There was the snap of a hand. Walpurgis grabbed him by the lapel of his cashmere suit and pulled him from his feet. ‘I don’t make any deals,’ he said as he dragged Lucca across the room and threw the man across a table. Then, taking the knife from his bag, he held it to his throat. ‘Who took him and where did they go?’
Without warning, a small door opened just below the ceiling. It smashed to the floor below as Carlo leapt from the dark void into the room. Instantly the monkey was on Walpurgis. It held fast, biting into his shoulder as hard as it could. Walpurgis lurched back and staggered across the room. He twisted and turned as the monkey bit harder.
Lucca feverishly searched the desk drawer. Walpurgis fell back against the wall. The monkey screamed and dropped to the floor. Walpurgis kicked the creature as it grabbed his leg and held tight.
‘Leave, or Carlo will kill you,’ Lucca shouted, his voice in a panic.
‘Get it from me,’ Walpurgis answered as the claws of the beast dug into the sword wound in his leg.
Lucca pulled out a small Derringer pistol from the desk drawer and pointed it at Walpurgis.

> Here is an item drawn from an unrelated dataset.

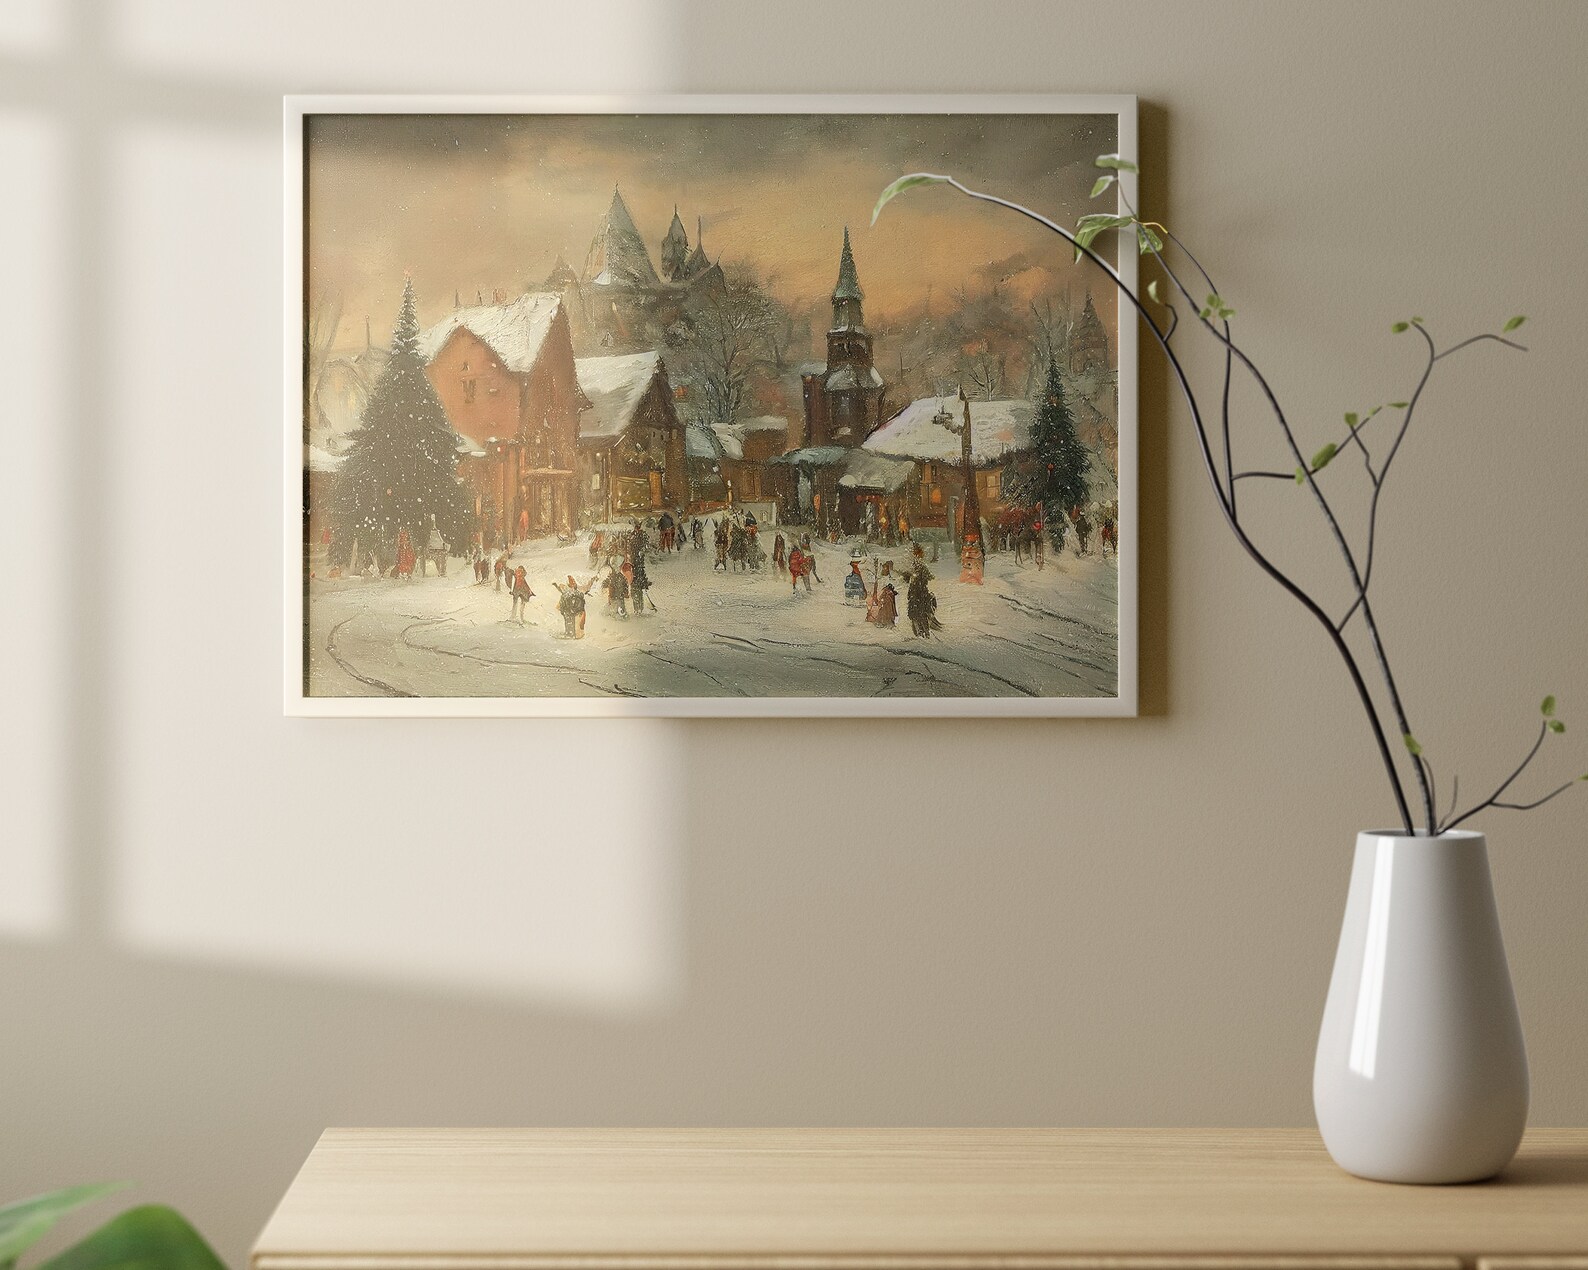 Vintage Winter Village / Christmas Winter Art / Country Snow - Etsy

‘Leave now, or I will shoot you,’ he shouted, his hand trembling as he pulled back the firing hammer. His face looked like that of a bearded Pierrot clown. A fearful tear trickled down his cheek. Fingers of thick smog crept into the room from under the door.

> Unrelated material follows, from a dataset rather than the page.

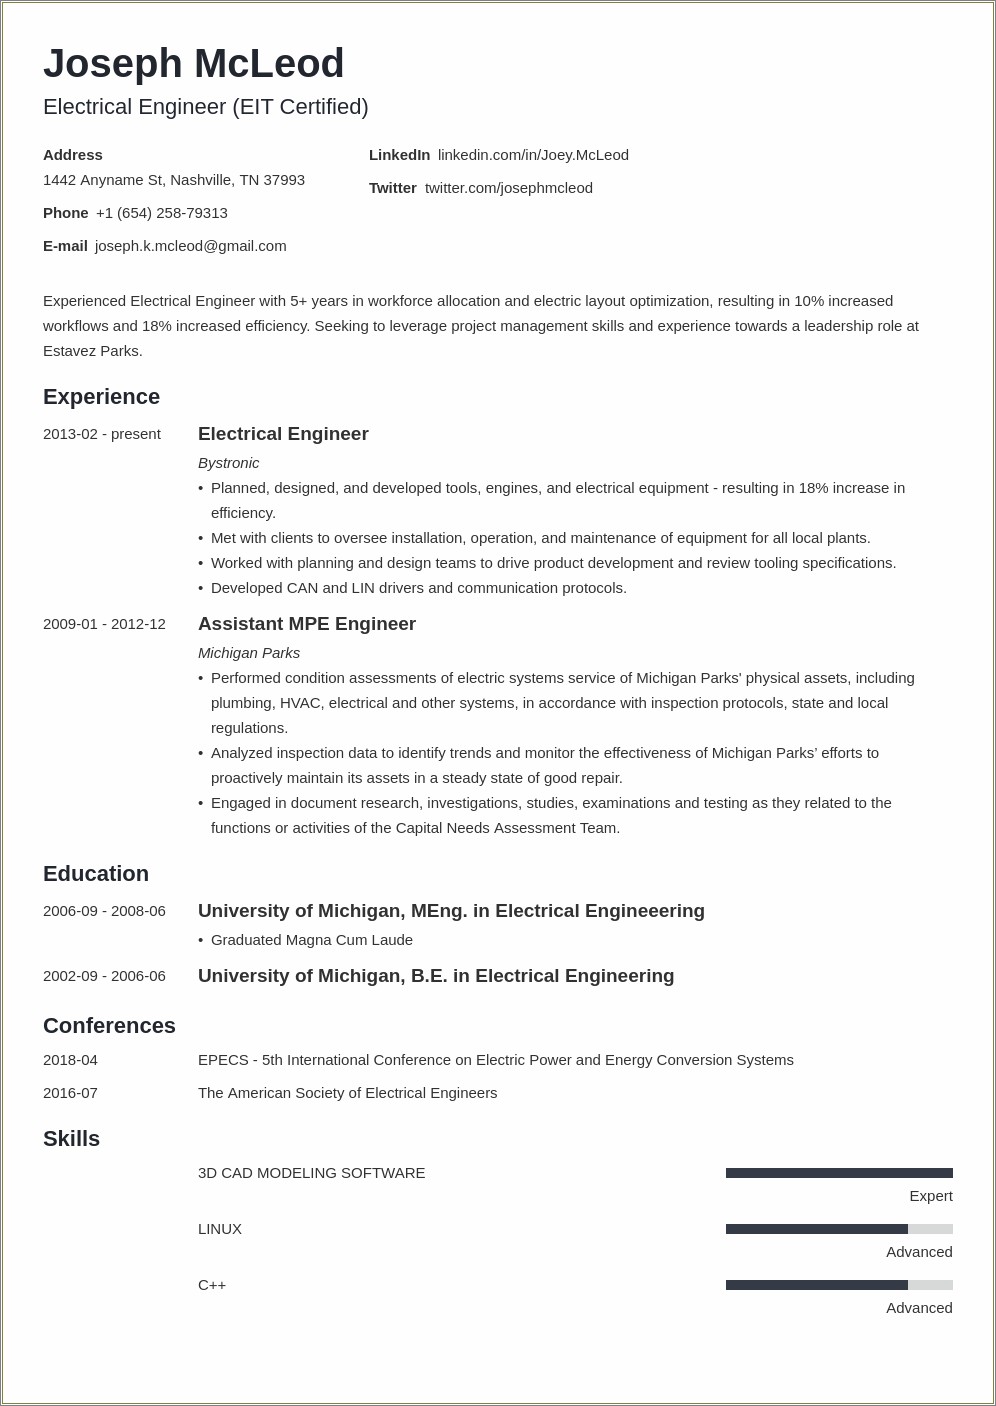 Electrical Engineering Entry Level Resume Examples

‘Get the monkey off my back,’ Walpurgis insisted.
‘Carlo, leave,’ Lucca shouted.
The monkey jumped to the floor. In two long strides it leapt acro
ss the lobby and onto the table. It sat by Lucca, bloodied mouth open, staring at Walpurgis.
‘All I want to know is how to find Jago Harker. Tell me and I will leave you alone,’ Walpurgis insisted as the monkey continued to snarl at him. ‘And I have these five gold rings. They each have a word written on the outside in a language I do not know.’
‘Rings? Five rings?’ Lucca asked. ‘Where did you get them from?’
‘Hawks Moor, in an envelope signed by Morgan. It is dated 29 December 1709 and sealed with wax. Look.’
Walpurgis reached into his pocket and threw the envelope onto the table. Lucca put down the pistol and looked inside. Taking a magnifying glass from his coat, he held each ring up to the light from the chandelier.
‘Varzik,’ he said. ‘An old dialect, but I am sure of it.’
‘Beyond Constantinople?’ Walpurgis asked. He had heard of a village of this name, far away from any other town or city in a desolate land.
‘Beyond Babylon and the Garden of Eden. Varzik is a legend. A place where the history of the Vampyres started.’ Lucca placed each ring back in the envelope and pushed it reluctantly across the table to Walpurgis.
‘What does it say on each ring?’ he asked.
‘They are just names. Worthless names, of no consequence. It will do you no good to know of them.’ Lucca hesitated, as if his mind suddenly thought of something. ‘You say that you found them at Hawks Moor?’
‘They were in a drawer in an old room where Morgan kept his papers,’ Walpurgis said as he stepped closer to the table, keeping an eye on Carlo.
‘And Mina Karlstein let you take them?’ he asked.
‘How did you know she was there?’ Walpurgis replied.
‘There are so few of us left, we all tend to know each other’s business.’
‘Mina Karlstein is dead.’ Walpurgis put his hand on the table. ‘Look at the rings again. Please, tell me what you know.’
‘Dead?’ Lucca asked, not distracted by Walpurgis. ‘How did she die?’
‘An accident. She was running on the cliffs and fell into the sea,’ Walpurgis said, allowing the picture of her falling to flood his mind.